◆ Information shown:
========

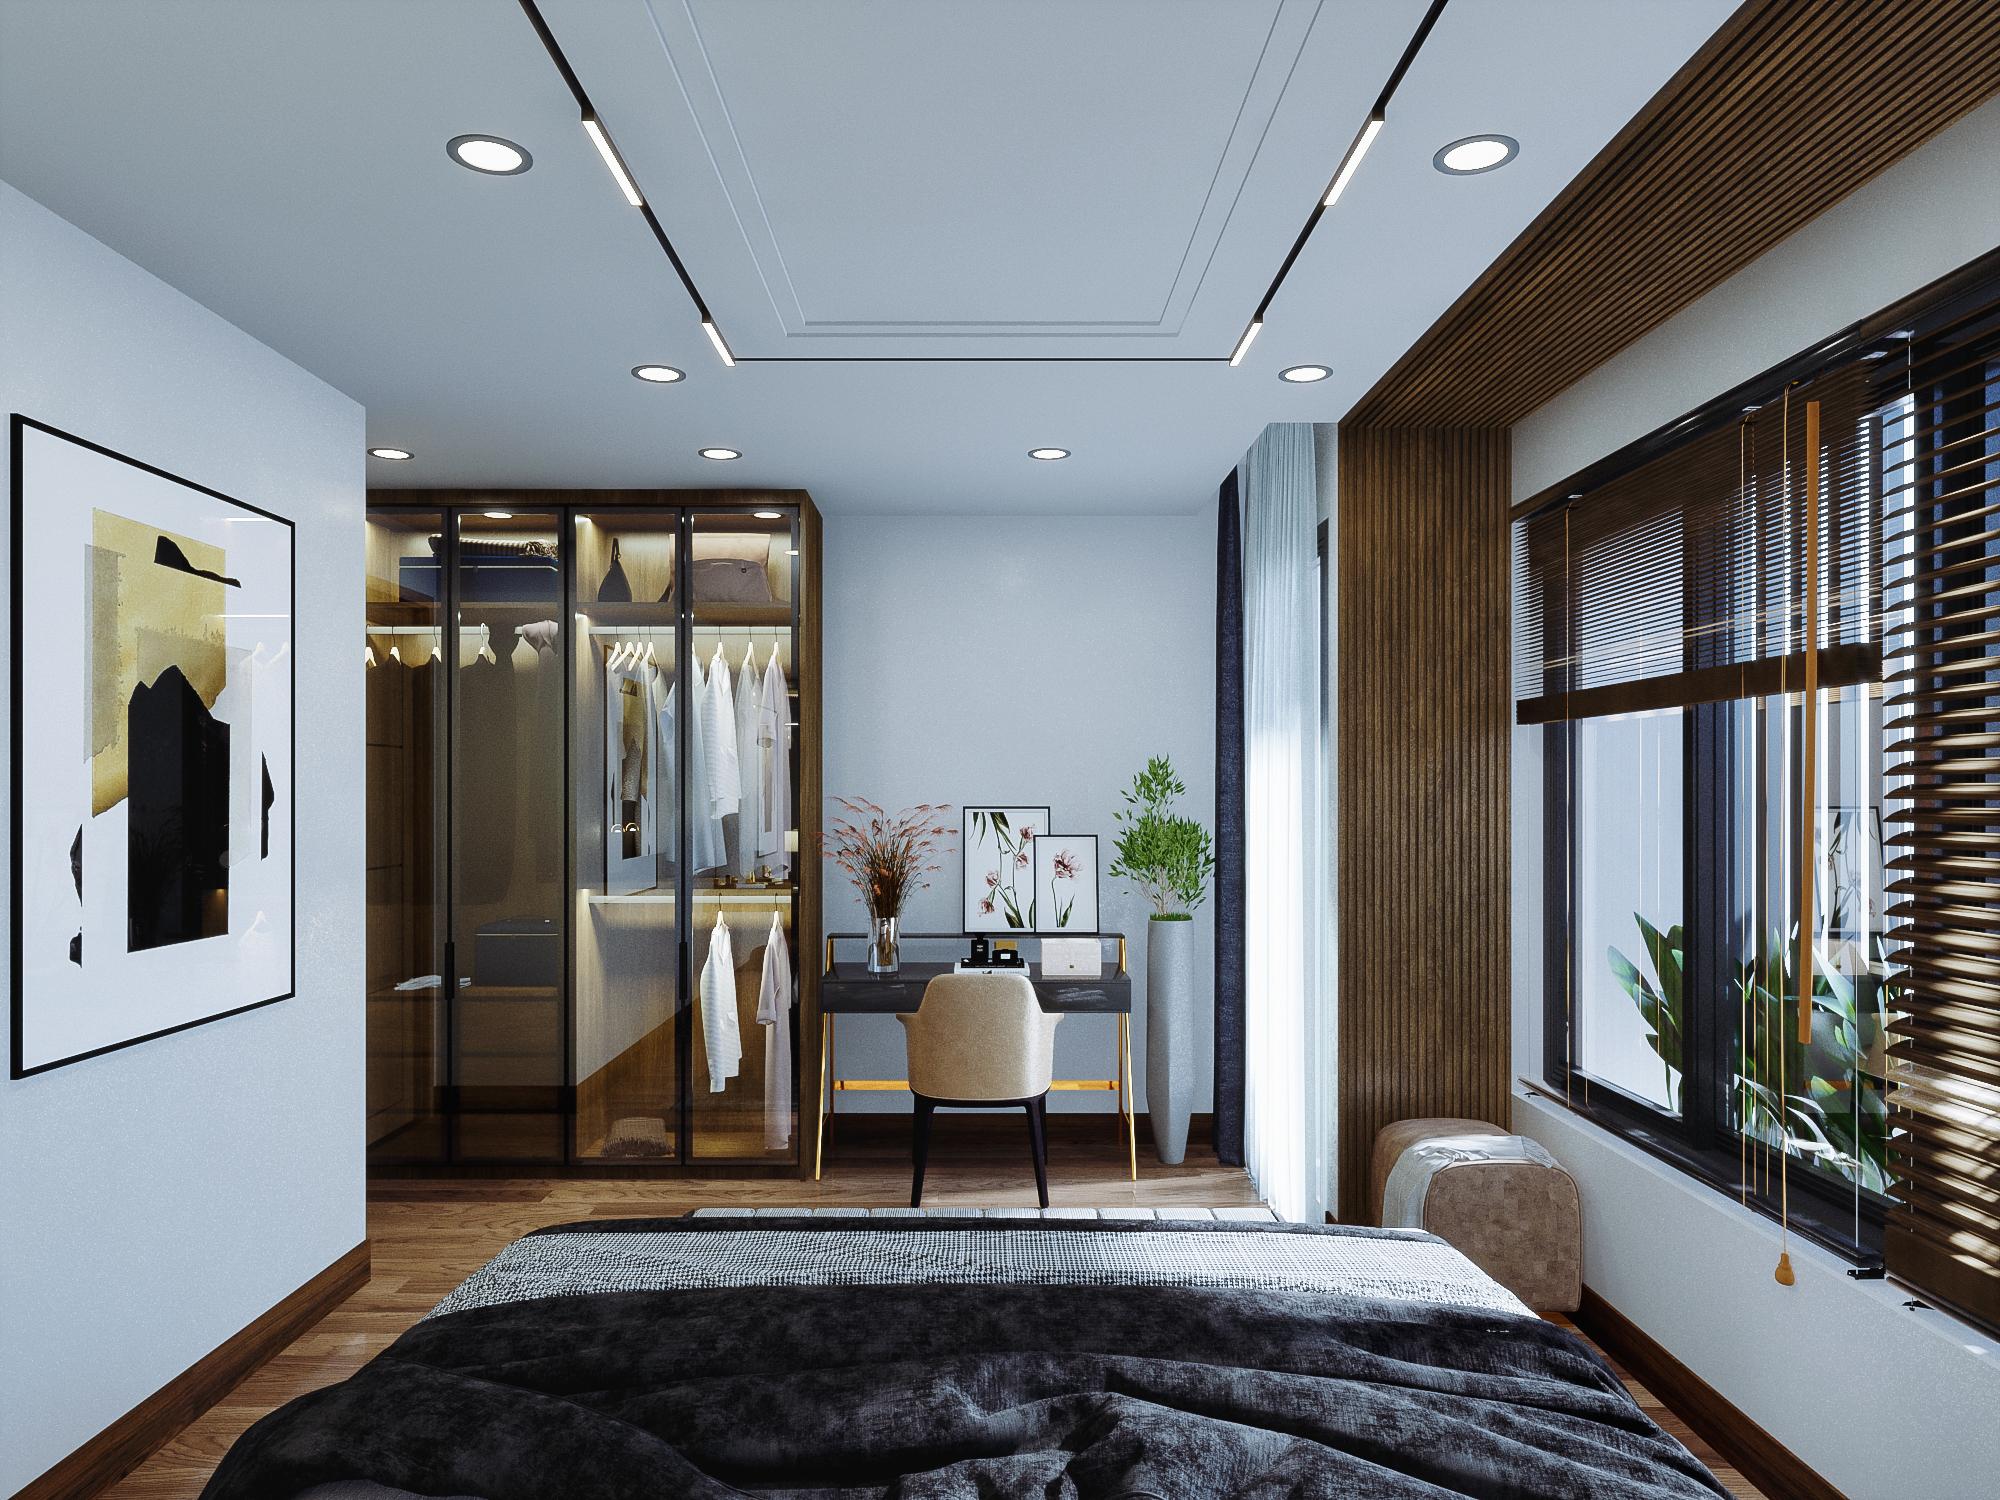 Thiết kế nội thất Nhà Mặt Phố tại Đà Nẵng Nội thất nhà phố 1591588813 5
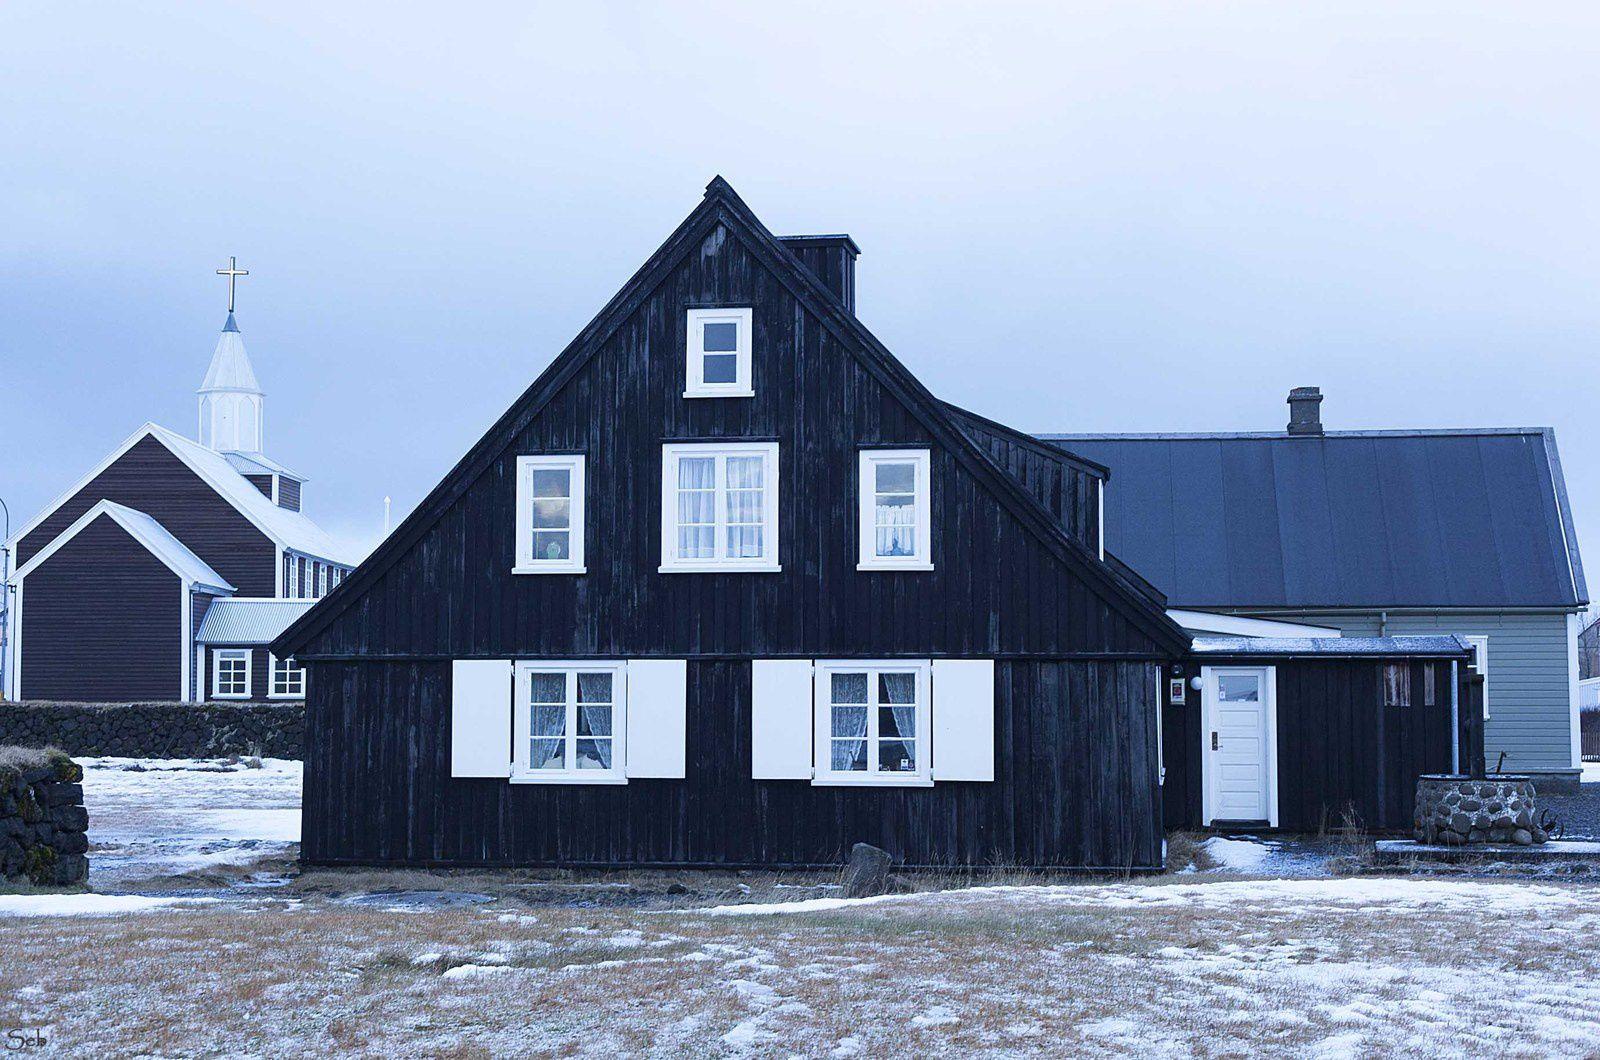 La Maison Husid date de 1765 ce qui fait l'une des plus anciennes demeure du pays. Au deuxième plan l'église du village d'Eyrarbakki.
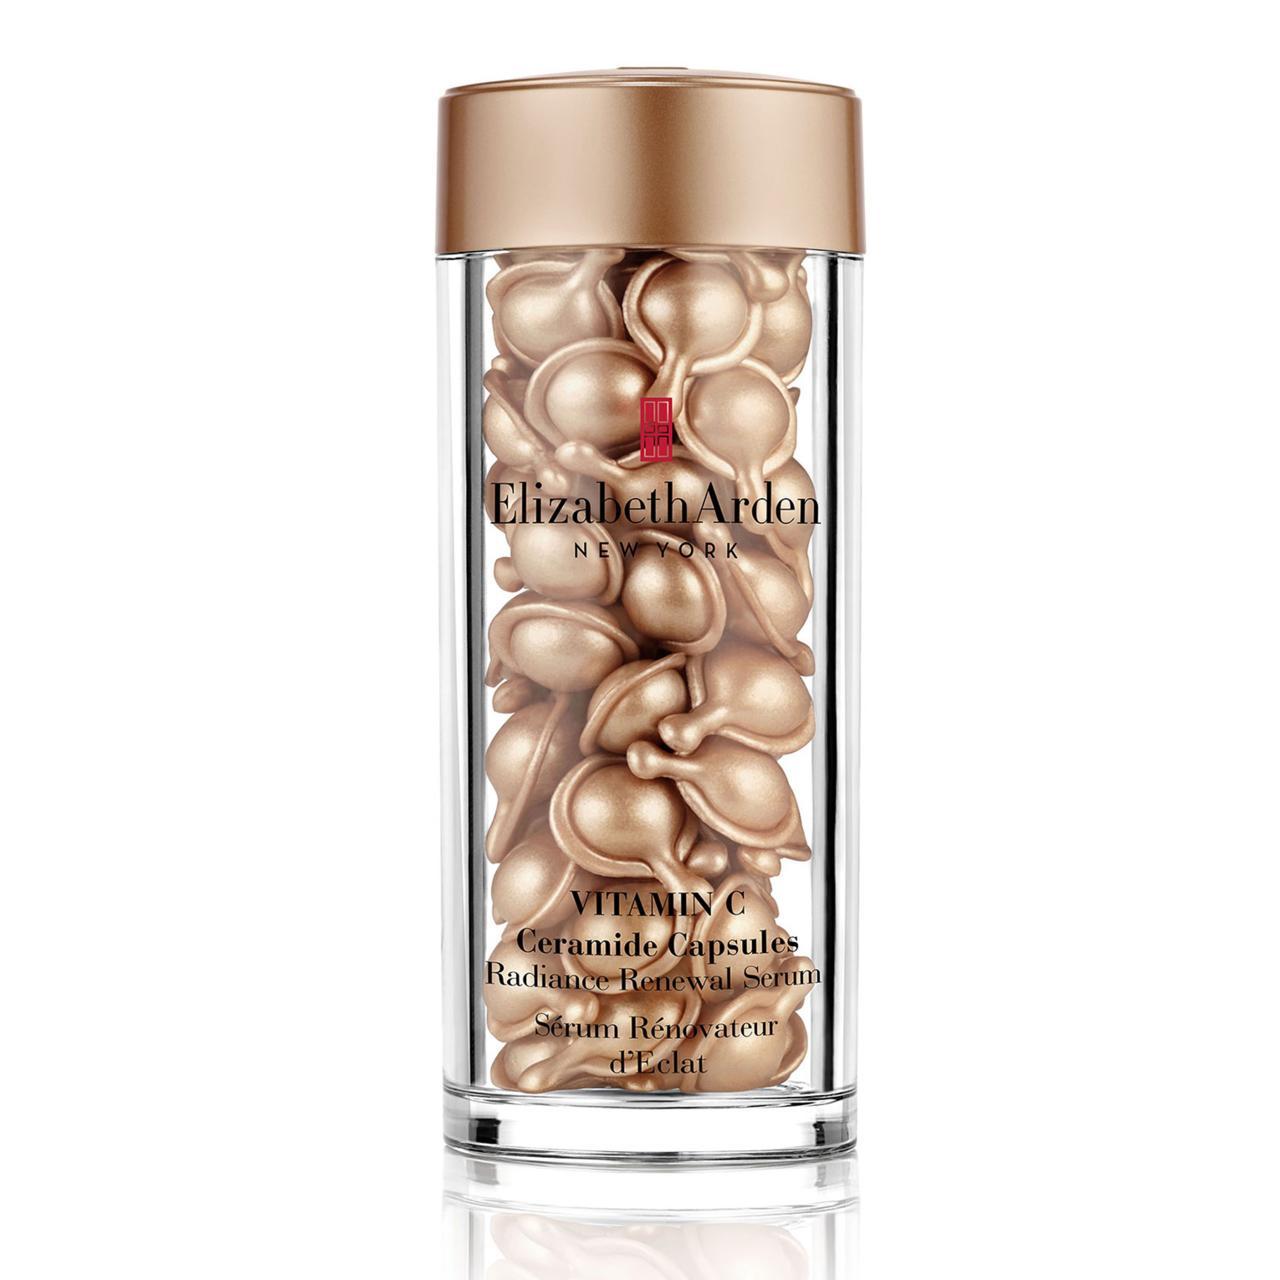 Elizabeth Arden Vitamin C Ceramide Capsules, 6.299 kr.

========

◆ Assignment: An exact repeat of all the data is required, pictures excluded.

◆ Reply:
 Thiết kế nội thất Nhà Mặt Phố tại Đà Nẵng Nội thất nhà phố 1591588813 5
 La Maison Husid date de 1765 ce qui fait l'une des plus anciennes demeure du pays. Au deuxième plan l'église du village d'Eyrarbakki.
 Elizabeth Arden Vitamin C Ceramide Capsules, 6.299 kr.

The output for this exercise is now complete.